All self-taught on the internet.

I work for a technology research agency, with some absolutely amazing
engineers. Former googlers, top of the field stuff. Though sometimes they are
speaking far above my current knowledge, the fact that I don't have a degree
is never an issue. It's just that I haven't learned x or y YET. Most of the
stuff I'm learning from them, I don't think most CS students would have learnt
either. I'm incredibly lucky.

The great thing about it all, is that I also don't have the rules instilled in
me, which they have. Which (I think) is why I'm sometimes able to come up with
more elegant solutions to problems than they are. I always say, "I'm not
smarter than them, but I may be more creative".

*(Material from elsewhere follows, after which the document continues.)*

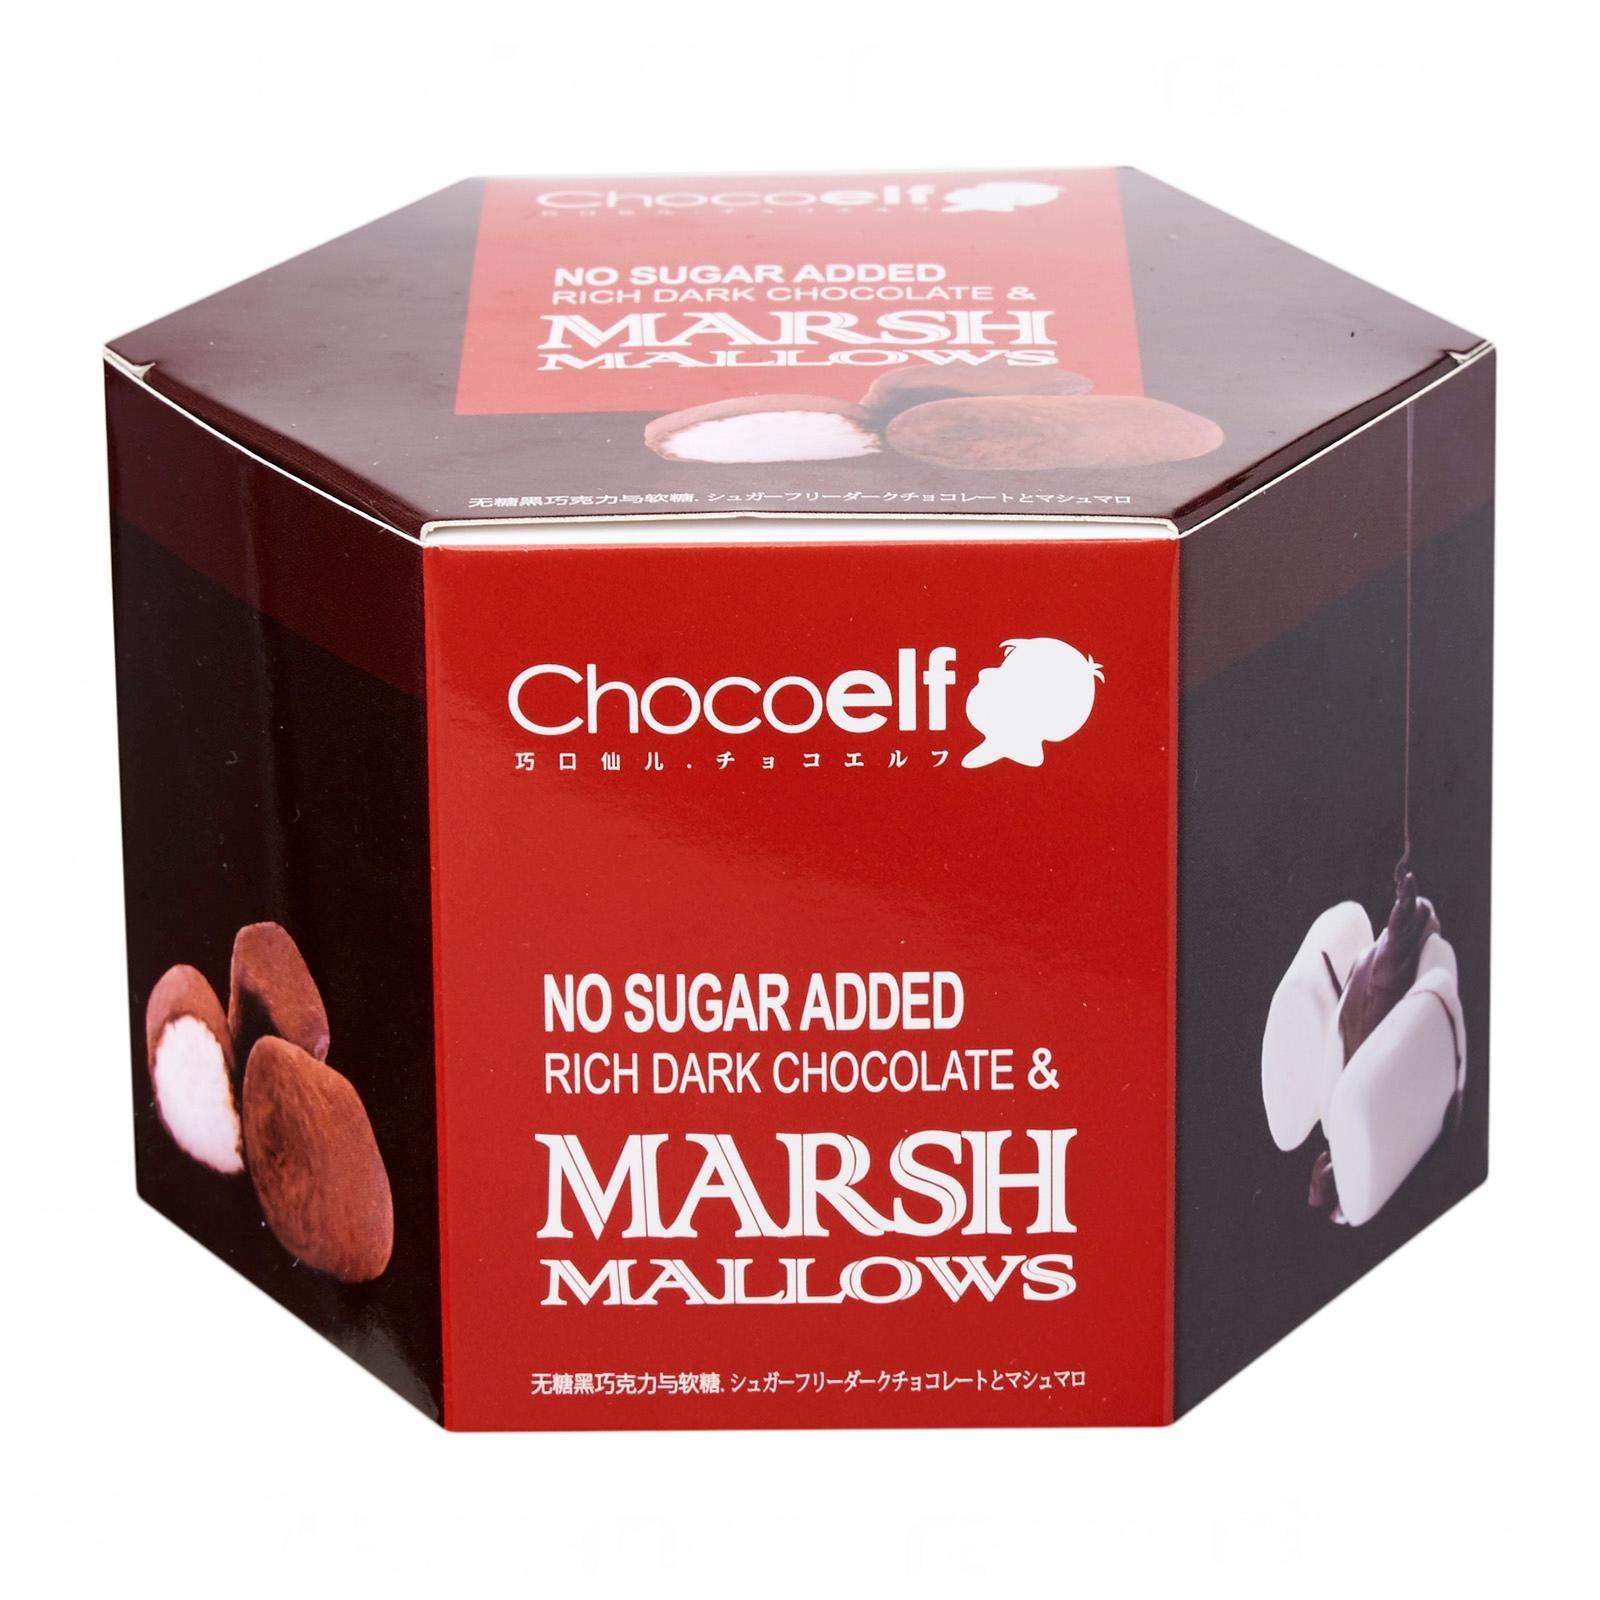 CHOCOELF Marshmallow Chocolate - Dark (No Sugar Added)
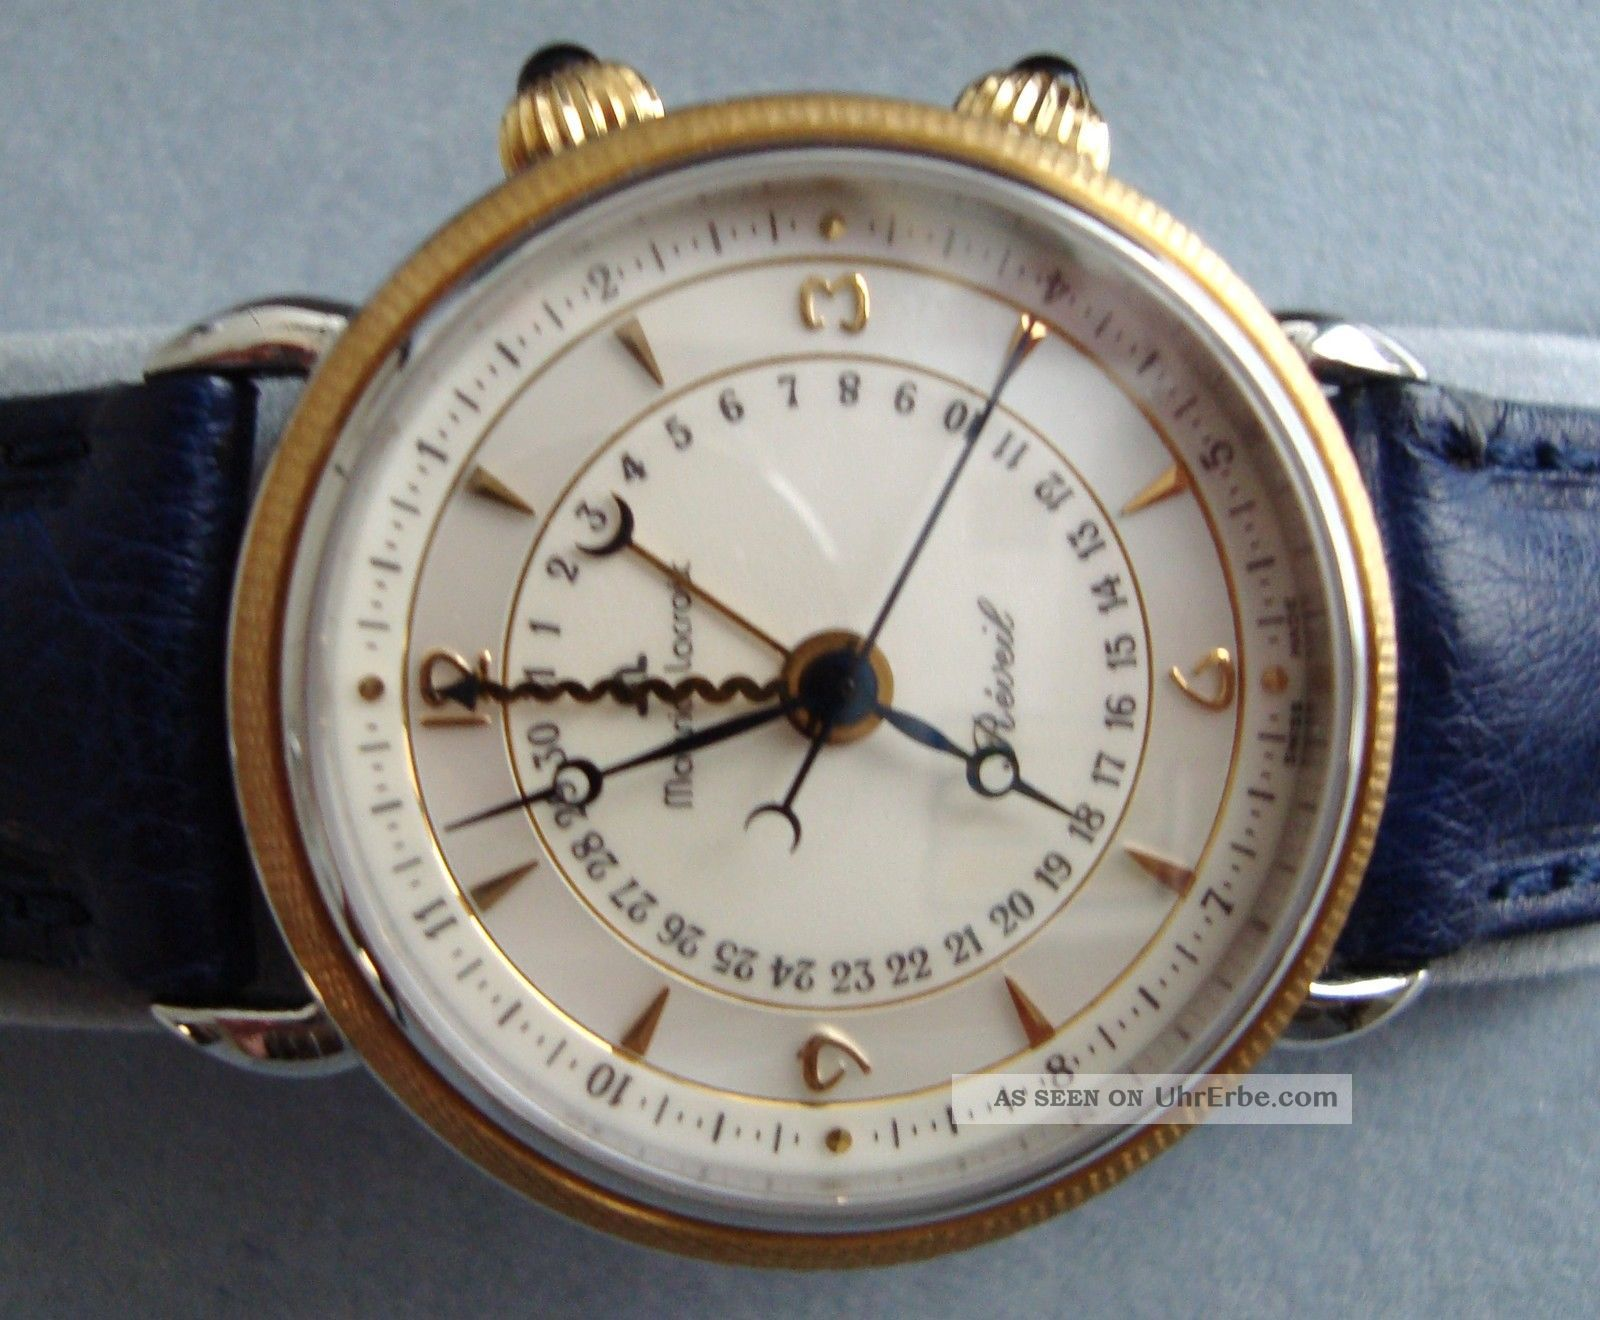 Maurice Lacroix Masterpiece Reveil 18k Gold Ref 63511,  Ovp,  S.  G.  E Armbanduhren Bild

Though the research agency asked if I had a degree, it was never an issue for
them. The interesting thing is that the companies that I had spoken to who
were adamant that their engineers had degrees where doing the least
interesting and challenging stuff. The really interesting stuff, people would
ask why I don't have a degree, but once they saw the history of work, and
example of my code, that was it. It never came up again.

So, I think it might depend on what type of developer you are. If you're going
to work for digital agencies, it might matter. If you're going to work for
people without a technical background (who don't understand that a degree
maybe doesn't mean that much), you might need one. If you're able to teach
yourself enough to be more than dangerous, make a few really interesting and
challenging projects come off, and most importantly, surround yourself with
people you can continue to learn from, I think you'll be ok.

It seemed to me, when I was interviewing, that the importance of a degree was
in inverse correlation to your expectations.

------
jayhuang
Disclaimer: After some downtime, I got a diploma in CS due to heavy pressure
from my family (who all hold a doctorate or two...)

Despite having a diploma now, all of the jobs/positions I had before were
obtained on the basis that I do not have a degree.

In terms of getting jobs without a degree, it honestly hasn't been very
difficult, though I don't really have the experience of someone with a degree
to compare with.

I got my first computer quite late in my life, but I was very enthusiastic
(obsessed really) about learning programming/web development/web security.
I've been fortunate enough to run into people who for the most part,
appreciate and can vouch for my knowledge. Heck, even people who after
interviewing me, took a chance and convinced skeptics to give me a chance.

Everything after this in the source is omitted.